# Jet Boat Build Advise



## cddogfan1 (Mar 12, 2011)

I have a 2004 SC 1652 G3 welded boat with a Prop 60 hp yamaha 2 stroke 2003 model. I bought this rig new in 04. Our local river gets low in the summers and it exposes sandbars and some rock ledges. Well I have been thinking about moving my consoul to the front and center. And converting it to a jet drive. To raise the transom I thought I would get a jack plate. One reason is I could switch back to prop when I go to the lake or the rivers up. That way I can enjoy the extra power. Does this sound like a reasonable set up. What speeds do you guys think I will get when I switch to the jet. I am around 35 with the stock prop. All help and advise will be appreciated.


----------



## Lil' Blue Rude (Mar 12, 2011)

I'd leave the console where it is. moving it to the front won't gain you much of anything in my opinion. I'm not sure on speed and this is just a wild guess on speed but I'm thinking around mid to upper 20's. Like I said I'm not sure just a guess.


----------



## Scottinva (Mar 12, 2011)

Sounds like a good plan to me. I personally like the console move to the front, but not sure what it would cost or if it would be worth it. It may level the boat out while on plain and you will be able to see better. I would agree on the speed. Are you planning on just removing the jackplate when you want to run the prop or get an adjustable jackplate?

Scott


----------



## cddogfan1 (Mar 12, 2011)

I thought moving the consoul to the front would help level the boat out and put me at a better sight advantage. Plan it to get a ajustable jack plate and just adjust it to move from prop to jet.


----------



## optaylor823 (Mar 12, 2011)

When you to a jack plate you may need a little piece between the foot of the jet and the boat to keep the spray off the jet foot from coming into the boat. Other then that it sounds great. I do agree that moving the console would help level the boat, but not sure that it is worth it, depending on how much it would cost and how hard your river is to run.


----------



## cddogfan1 (Mar 17, 2011)

Not really concerned about the cost of moving the consoul. My buddy owns a fabrication shop and agreed to help me out. Says he has enough scrap to modify my existing consoul and move it. Only real costs I see is new steering cables. One thought though is the motor. My local yamaha dealer still has some 2 stroke 90's. Been thinking about a up grade. You guys think it would be to hevey for my boat giving its size. I know once it gets converted to a jet it would be in the mfg rating. USCG plate says 60.


----------



## bajacoop (Mar 17, 2011)

I do not think that you can use the HP at the pump for the coast guard rating unless the motor is rated as that from the factory.


----------



## Lil' Blue Rude (Mar 17, 2011)

bajacoop said:


> I do not think that you can use the HP at the pump for the coast guard rating unless the motor is rated as that from the factory.

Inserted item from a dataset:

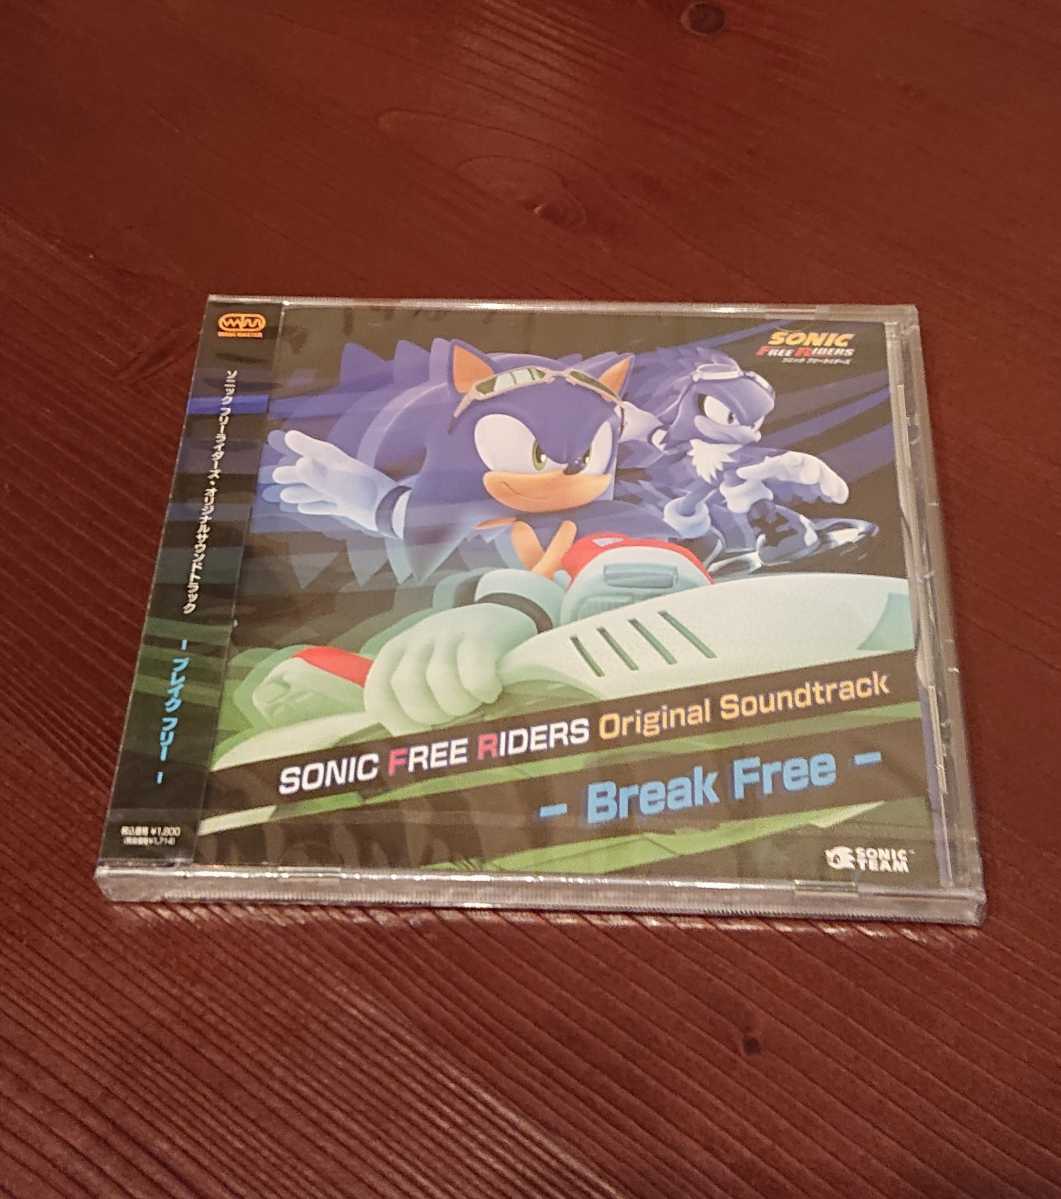 「ソニック フリーライダーズ」オリジナルサウンドトラック 未開封 CD SONIC FREE RIDERS Original Soundtrack -Break Free- SEGA XBOX360_画像3
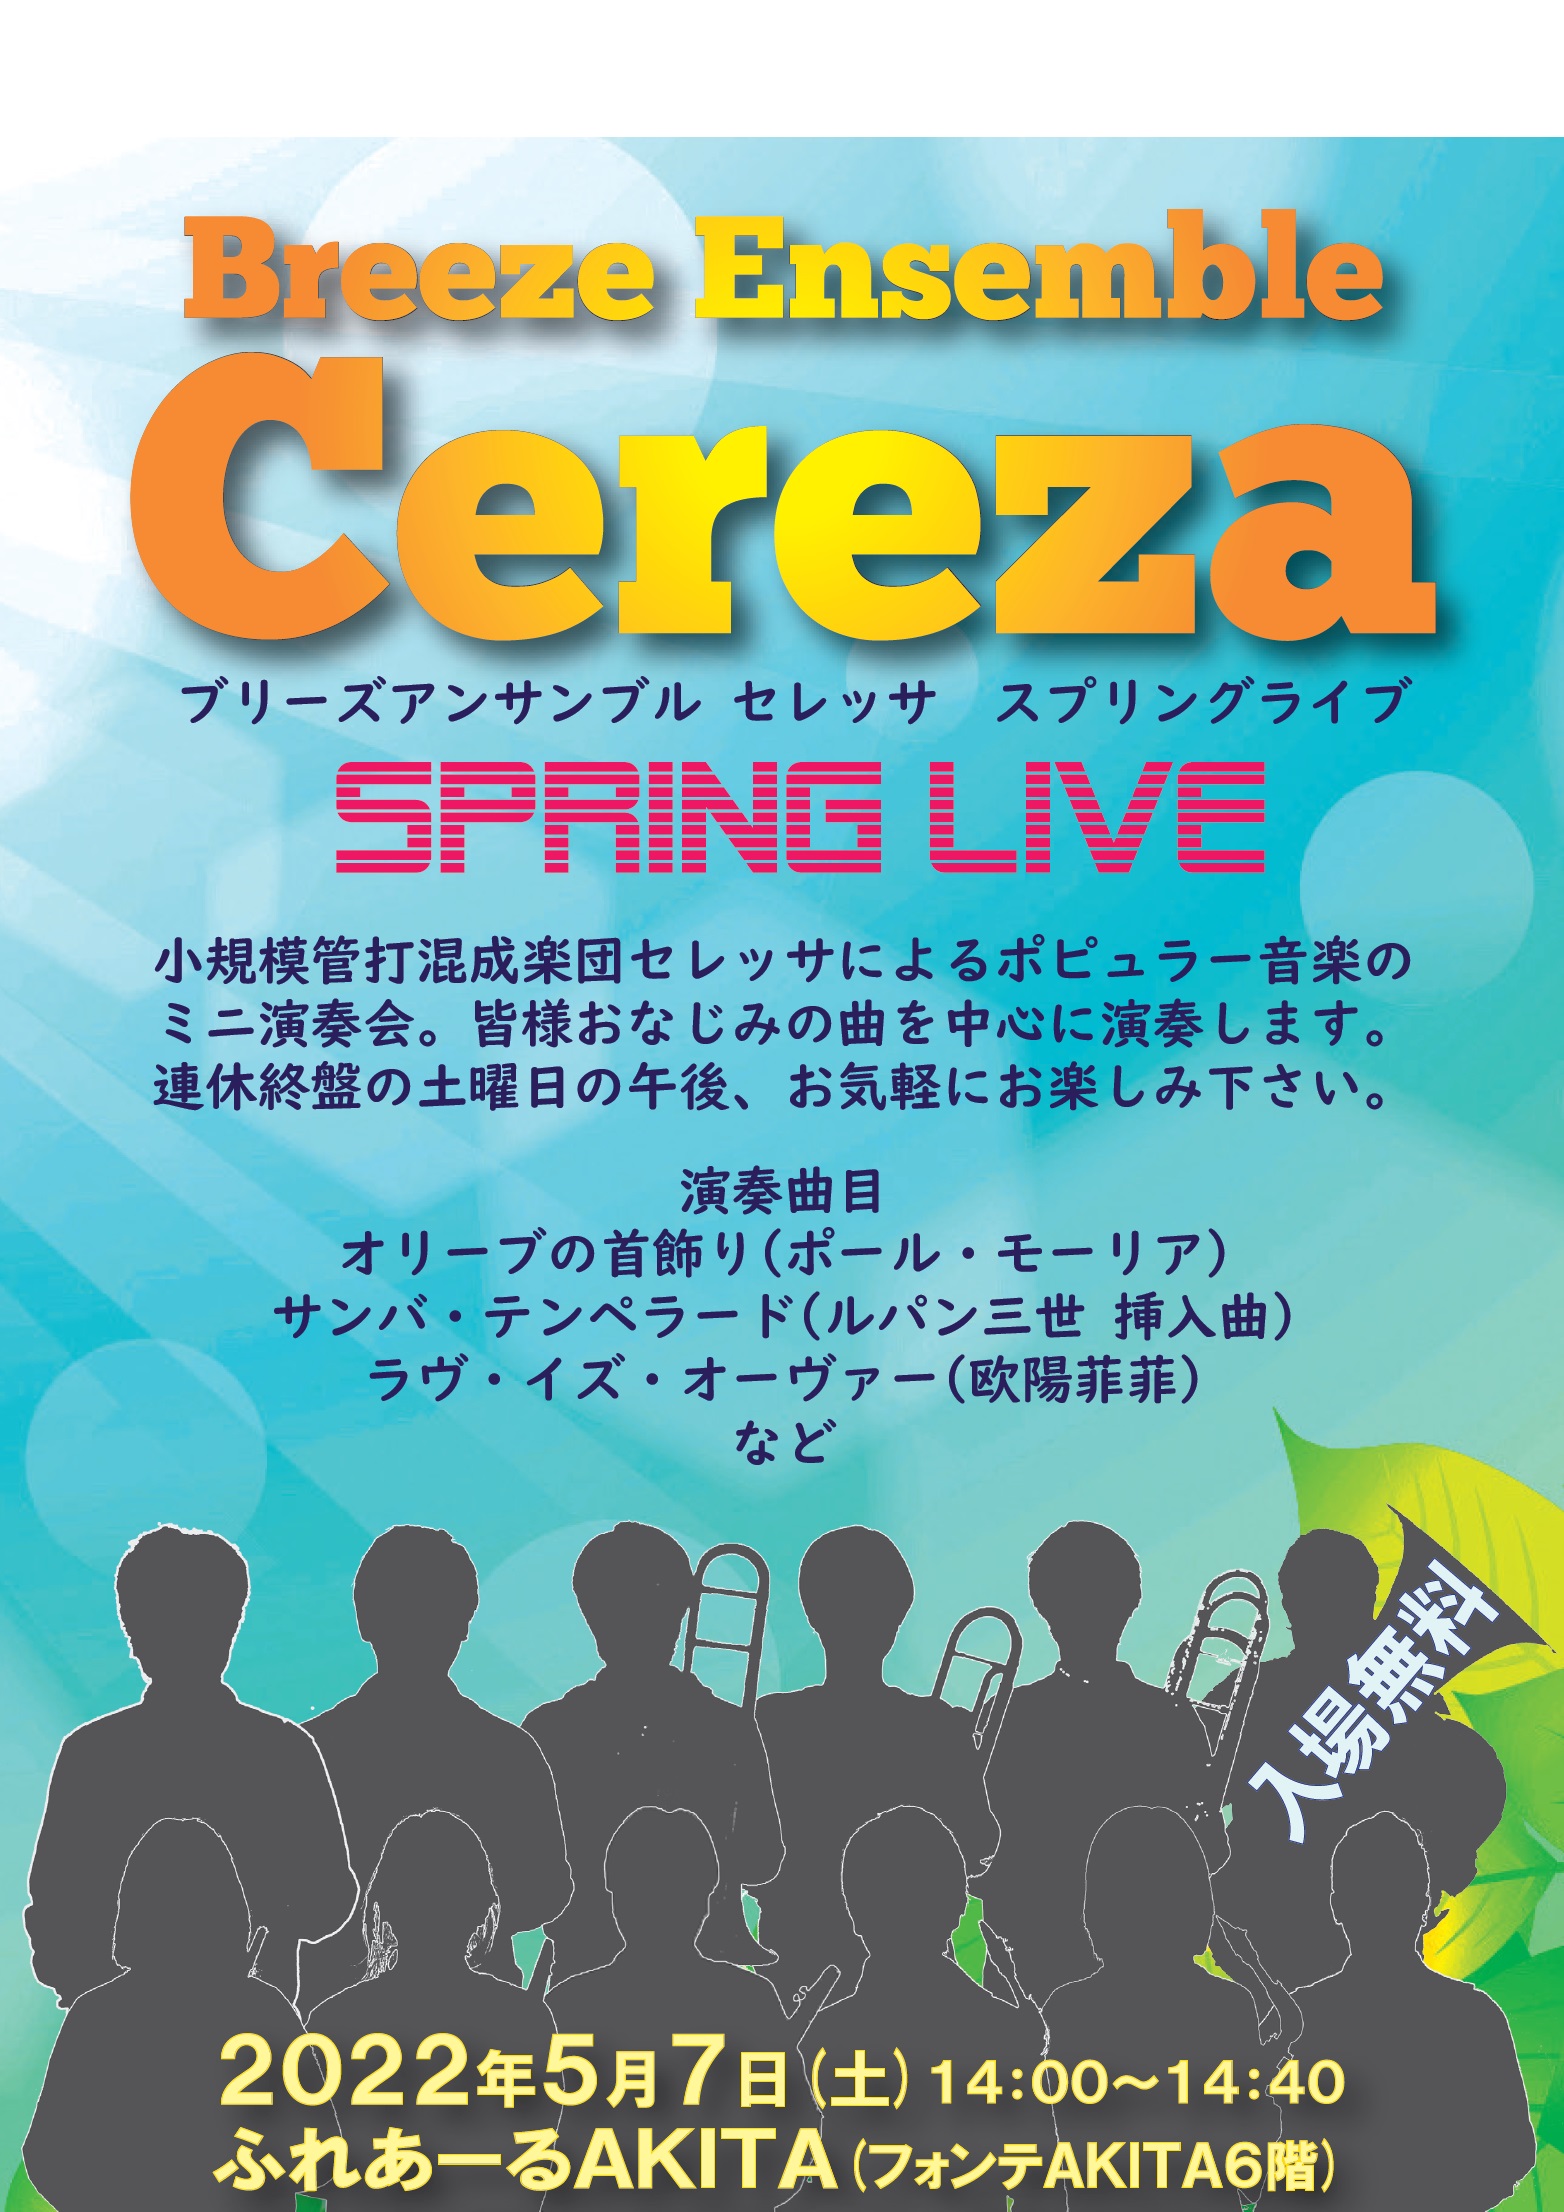 5/7  Breeze Ensemble Cereza Spring LIVE(ブリーズ アンサンブル セレッサ スプリング ライブ)

That's how boats around here are done too.


----------



## Scottinva (Mar 17, 2011)

You may want to be careful with the Hp rating. The Yamaha F90 jet is rated at 65hp at the pump - not 60hp. I really don't know if it matters much. In my area we never get checked for that, but if you had an accident and were at fault, you may be in some trouble. You may want to check with your local Fiish or Boating agency and make sure before you upgrade.

Scott


----------



## cddogfan1 (Mar 18, 2011)

Scottinva said:


> You may want to be careful with the Hp rating. The Yamaha F90 jet is rated at 65hp at the pump - not 60hp. I really don't know if it matters much. In my area we never get checked for that, but if you had an accident and were at fault, you may be in some trouble. You may want to check with your local Fiish or Boating agency and make sure before you upgrade.
> 
> Scott



Not really woried about getting checked. I do not even think GA has any laws about a overpowered boat. Have a handfull of HP restricted lakes and 1 river section I know of. The question about the 90 was more about if you guys thought the boat would hold it and preform good with it. And would the benefits if any be worth the cost of the upgrade.


----------



## georgiaken (Mar 18, 2011)

My 16 footer has a 90/65 on it and that was the factory build.

You said your boat is welded, so it should not be a problem at all....(holding the motor, not the HP regulations).


----------



## kthmarks (Mar 20, 2011)

I have a 1860 G3 CCJ/ 90/65. I think you will be much happier with the forward console. If you can, move the batteries up front too. If you're gonna go to a jet, you'll likely be spending time in shallow water (duh) and getting on plane FAST will keep you from sucking debris. I had heard the rear console 1652 with a 40/30 jet had marginal performance getting on plane with 2 persons. Since you've got a 60/40 2 str....you might be okay but it will likely be on the margin.You could always go with the setup you have and move the batteries forward first and then the console if your performance is poor.


----------